Now to Brad's 'Putney Bridge' which is heartbreaking. I agree with Judy, cut the fourth line and put 'waiting' on the next line in stanza 1. Might I suggest a little re-arranging? I would prefer to put the final stanza at the beginning of the fourth, so it begins 'abandoned'. I would omit half of the second line of stanza 4, 'on an empty bus' because if you re-arrange the lines it isn't needed. And I would lose the Cloverdale line altogether, because this poem can be read as a universal anguish, and that line brings it back to the personal again.
Lovely poem - oh, is there another word you could use instead of 'lumbering'? This section is to do with memories flooding back, and I would like a lighter kind of word.
Oh dear, I appear to have re-arranged your poem quite a bit. Apologies!
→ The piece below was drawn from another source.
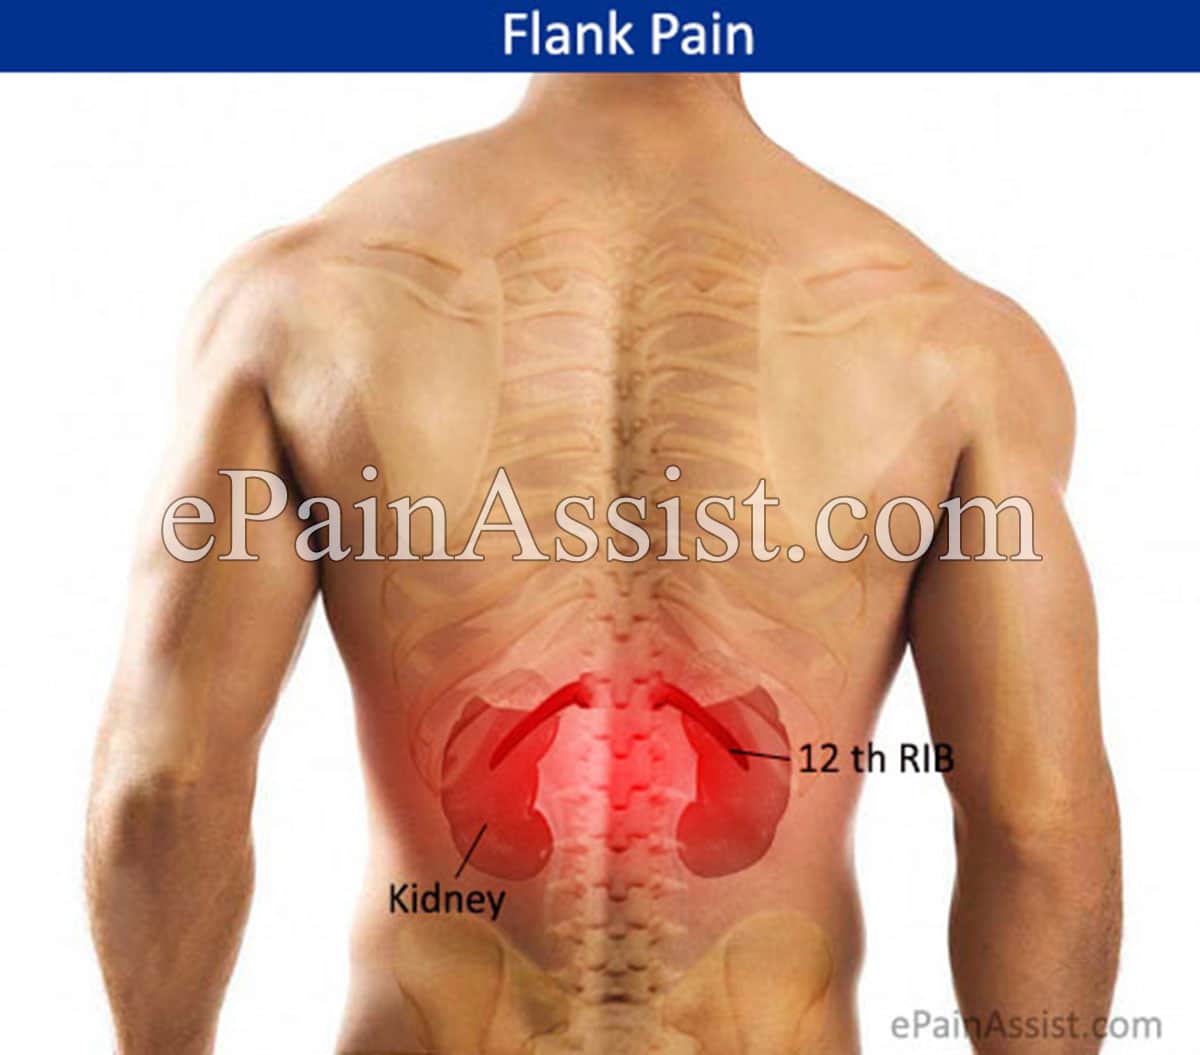 What Can Cause Pain in the Flank Region?

And finally, Ron's 'London' - this is very definitely a Ron Wiseman poem, a musing on our 'poor dear London'. I agree with Judy, perhaps you should omit the Olympic reference which anchors it in a particular time. The Queen could stay, God Bless Her.

Some good poetry, I have enjoyed them all.

Reply
lyn
8/25/2012 07:44:45 pm

hello Poets, here is a poem for your end of August meeting:



Spilling

Her words hang like water frozen as it tumbles.
A clink of bubbles, a bar of light to trap the sky.
A skim of green.

So many gaps. If we could know the code,
divide what spills into segments,
find meaning in the spaces between,
that dark geometry of the downward slide.


Lyn Browne
June 2012

Reply
Judy
8/25/2012 07:50:57 pm

Lyn, this is brilliant!

I love 'the spaces between' - the actuality of realising that 'dark geometry'.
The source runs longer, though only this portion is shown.